Very true, except for this question that he asked.



MnM;842421 said:


> . How many hours would yall think it would take 2- 3500s with 8611s.


----------



## plowinginma (Oct 22, 2005)

There is no way that anyone could plow what sounds to be a big shopping mall or office park with just 2 trucks.. and have any level of service.. he will need some level of equipment support at the very least.. He may also be just guessing on the # of how large the property is.. good luck MnM


----------



## MnM (Sep 23, 2005)

i must have given the wrong measurements. no way is it 40 acres. the lot is 1400 ft x 1400 ft. Now how does that equal 40 something acres......I do a similar lot that is about a third of this one. I just wanted to know everyones opinion. I will try and post a google earth link


----------



## procut (Dec 1, 2004)

MnM;843783 said:


> i must have given the wrong measurements. no way is it 40 acres. the lot is 1400 ft x 1400 ft. Now how does that equal 40 something acres......I do a similar lot that is about a third of this one. I just wanted to know everyones opinion. I will try and post a google earth link


Well if it 1400 x 1400 now were up to 45 acres.


----------



## 2COR517 (Oct 23, 2008)

I would think those two trucks could barely clear 2 inches in 10-12 hours. Especially if the snow is all going to one or two edges.

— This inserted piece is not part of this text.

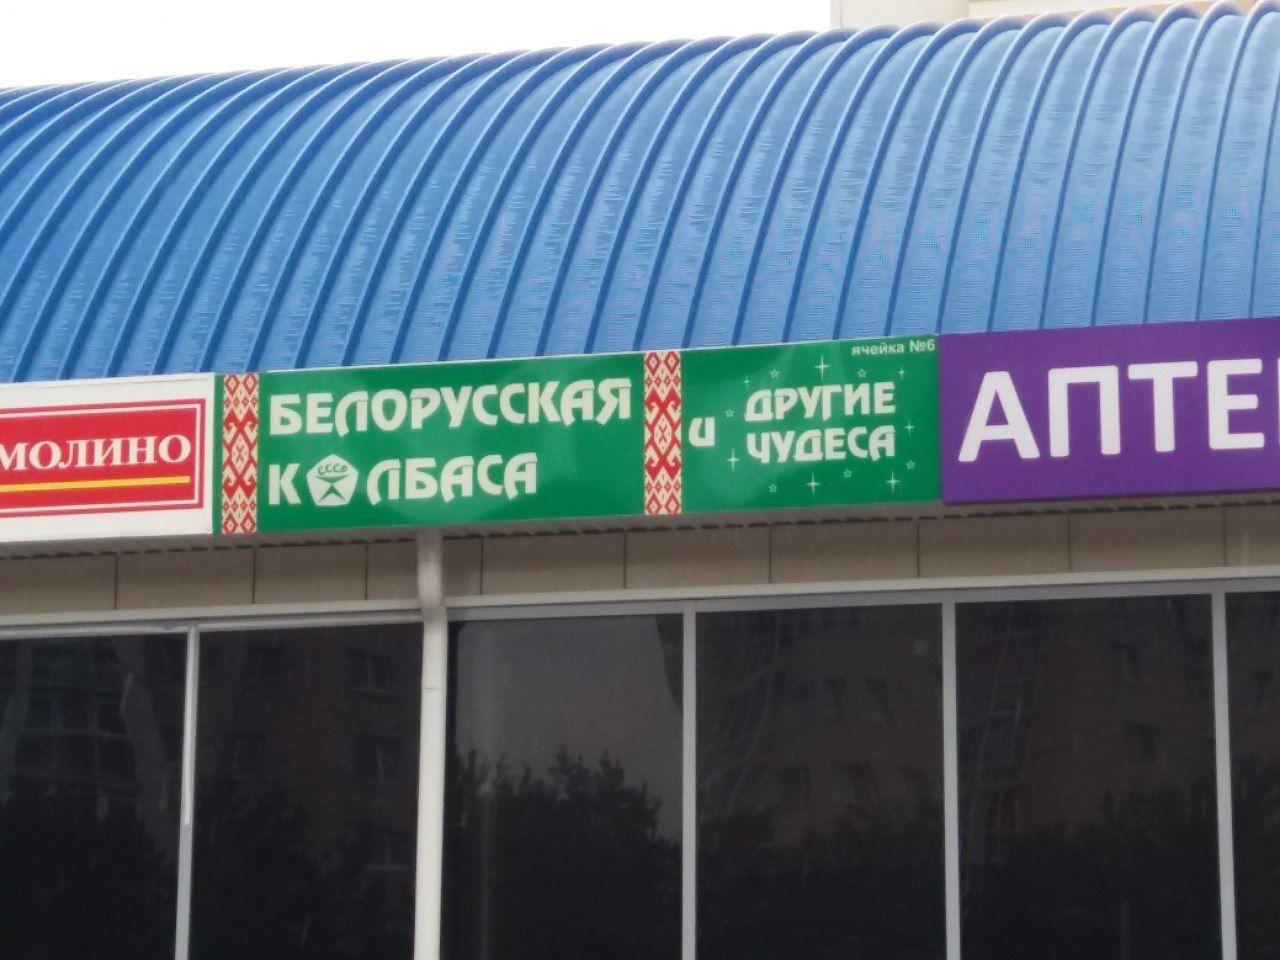 Белорусские чудеса

Is this another joke thread?


----------



## dannyslawn (Oct 29, 2007)

JB, I'am real close to your town and wouldn't mind helping you figure this one out. Give me an e-mail at [email protected]


----------



## Camden (Mar 10, 2007)

MnM;843783 said:


> i must have given the wrong measurements. no way is it 40 acres. the lot is 1400 ft x 1400 ft. Now how does that equal 40 something acres......I do a similar lot that is about a third of this one. I just wanted to know everyones opinion. I will try and post a google earth link


1400 x 1400 = 1960000 sq ft

1960000/43560 = 44.96 acres

I see that you're a member of SIMA. Perhaps this would be a good time to call your "buddy" and ask him for advice.


----------



## toby4492 (Dec 28, 2005)

2COR517;843838 said:


> I would think those two trucks could barely clear 2 inches in 10-12 hours. Especially if the snow is all going to one or two edges.
> 
> Is this another joke thread?


It almost has to be unless he meant he has a couple of those Meyers Ultramounts :waving:


----------